The practice of forgiveness with “either/or” thinking could lead to the forgiver being exploited by those forgiven. After all, the offenders might reason, we can keep up the abuse and even ask our victim to forgive us, because that victim will keep coming back for more. Forgiveness needs justice to balance the forgiving response to one that offers compassion and mercy and at the same time stands in the truth that unfair treatment must not and will not keep happening: forgiveness and justice.

“Both/and” thinking allows forgiveness and justice to grow up side-by-side, allowing the forgiver to be soft-hearted in offering mercy and tough-minded in asking for change in the offender’s behavior. Sometimes, “either/or” thinking is beneficial. At other times, it distorts and can be unhelpful.
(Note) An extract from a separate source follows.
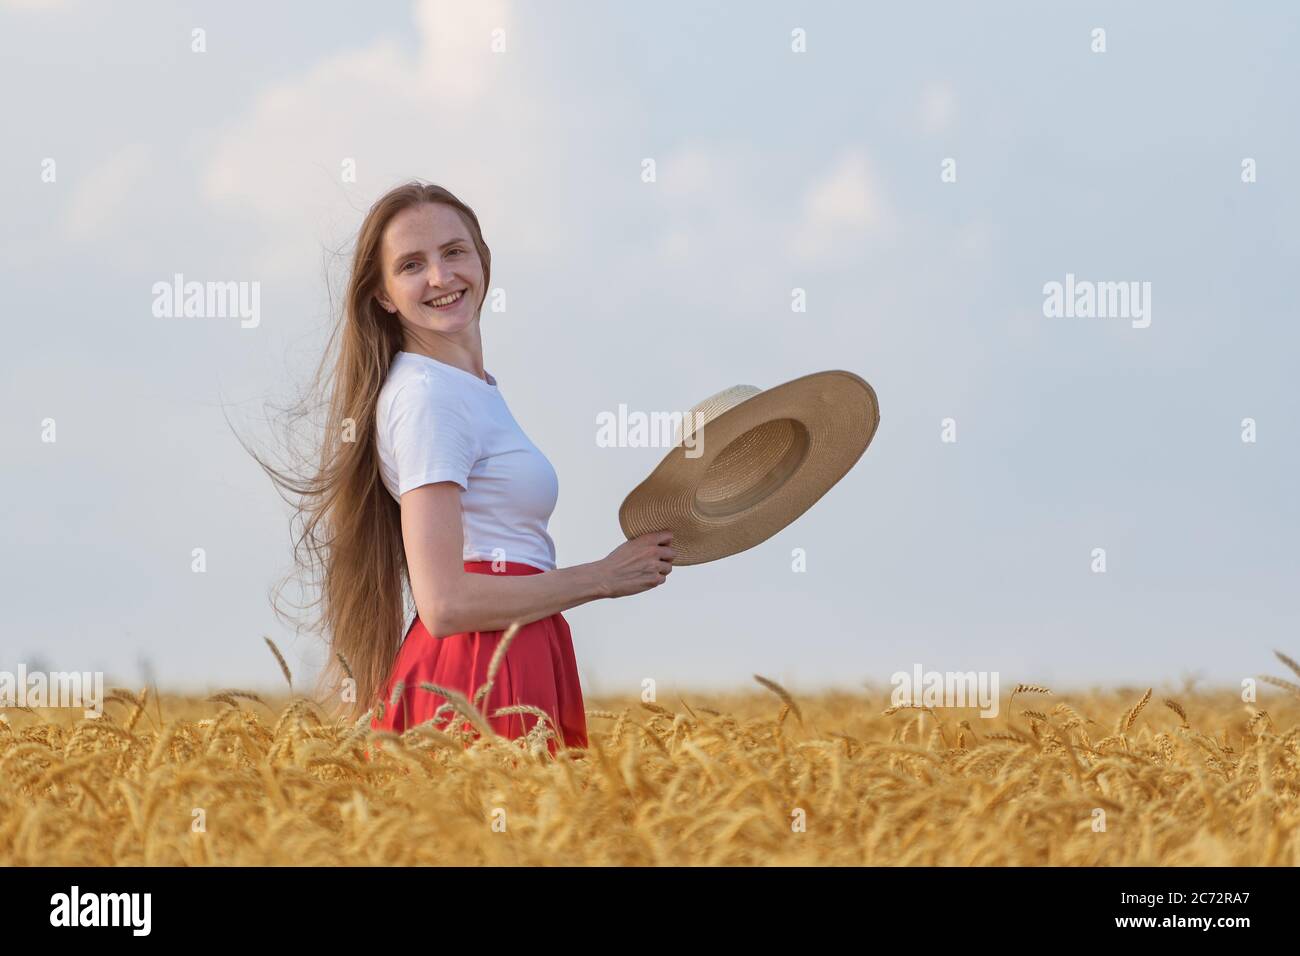 Junge Frau mit braunen Haaren steht im Feld von reifen Weizen hält Hut. Urlaub auf dem Land. Stockfoto
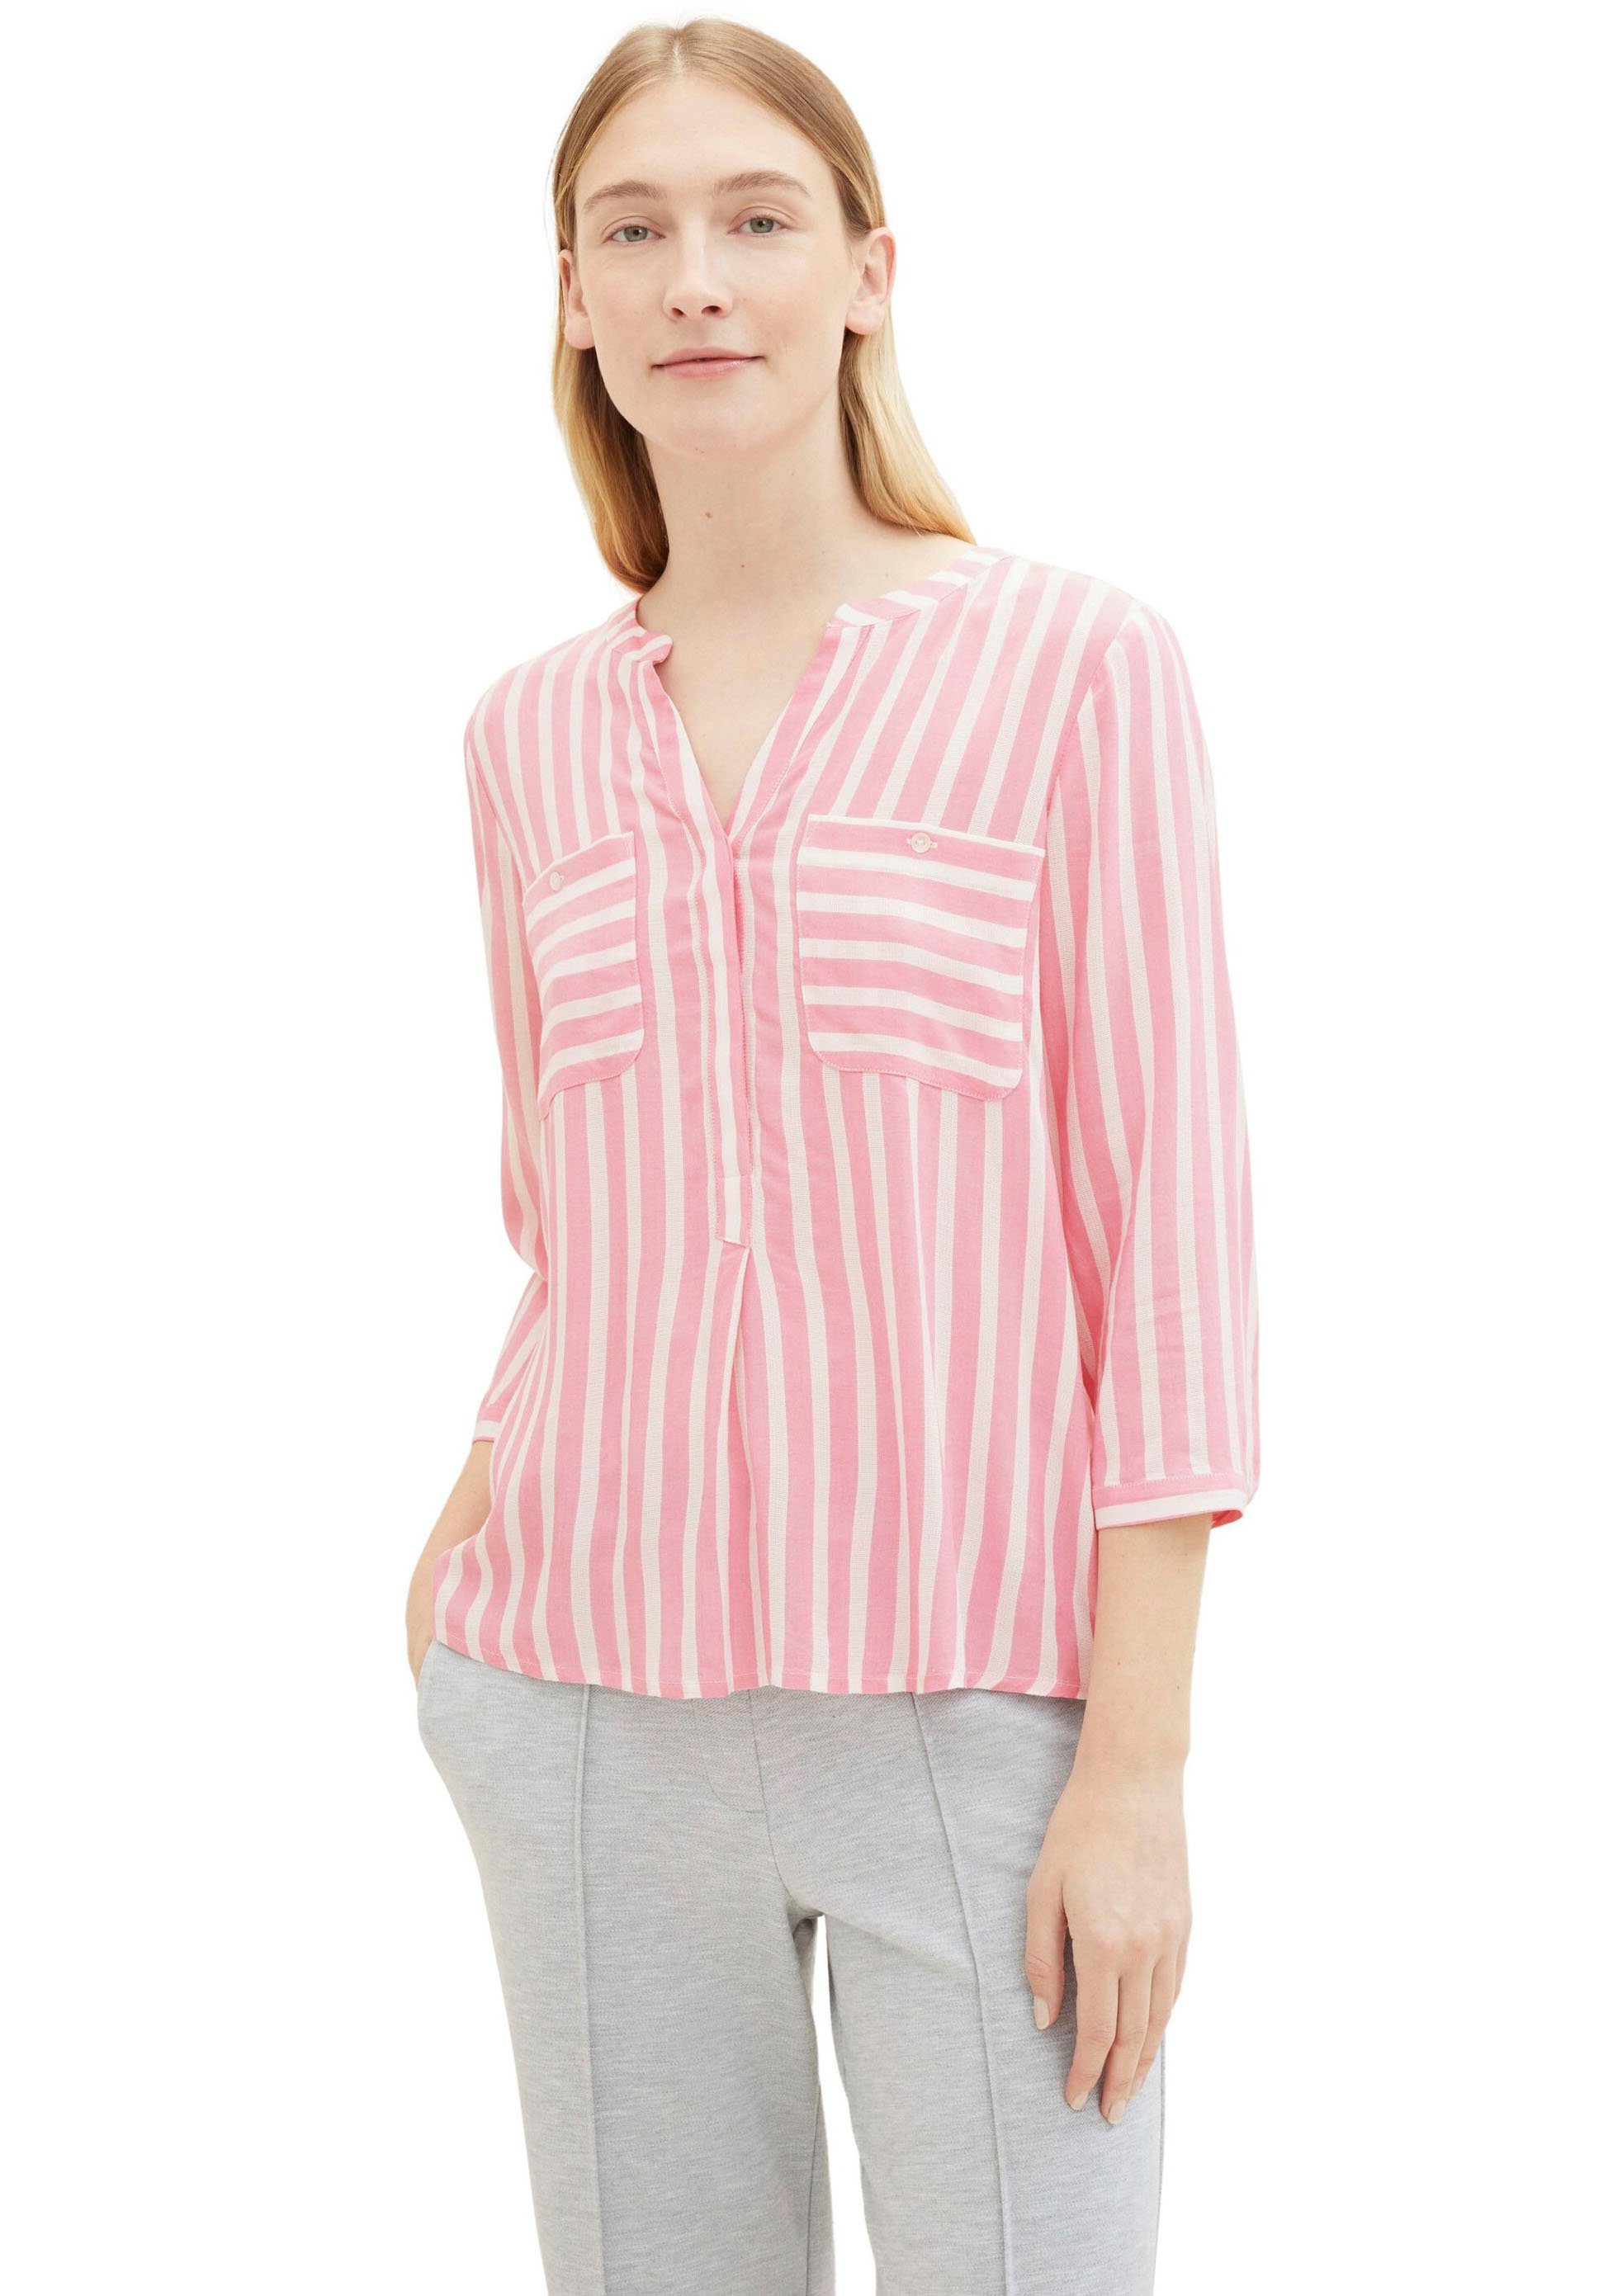 Rosa OPUS Blusen für Damen kaufen » Pinke OPUS Blusen | OTTO

We need “both/and” thinking when we forgive.

Robert

Generalizing from the Particular to the Universal

You know how it goes.  You go into a department store and have an unpleasant encounter with the person at checkout…..and you never go back there again.  The particular incident has given you a bad feeling for the entire organization.

You break up with a boyfriend or girlfriend and, at least for a while, you think that no one really can be trusted.  This one relationship makes you mistrustful of such relationships in general.

Generalization.  It can help us when the generalization is true and can distort reality for us when false.  For example, when we touch poison ivy in one woods, it is wise to avoid it in the next….and the next.  The effects of poison ivy generalize regardless of which plant we touch.  On the other hand, one boyfriend’s bad behavior does not predict another person’s behavior.  In this case, generalization closes down our mind and heart when there is no need for this.

When you are hurt by someone, you have to be careful not to generalize this to many, most, or all others.  Not everyone is out to hurt you.  Such generalization can form the unhealthy foundation for a world view that is pessimistic and inaccurate.  Has this happened to you?

If so, it is time to fight back against this.  Try saying the following to yourself as a way to break the habit of a false view of others:

I have been wounded by another person. For today, I will not let his/her wounds make me a bitter person who thinks negatively about people in general. I will overcome any tendency toward this by seeing others as having special worth, not because of what they have done, but in spite of this.  We are all on this planet together; we are all wounded.  Not all are out to wound me.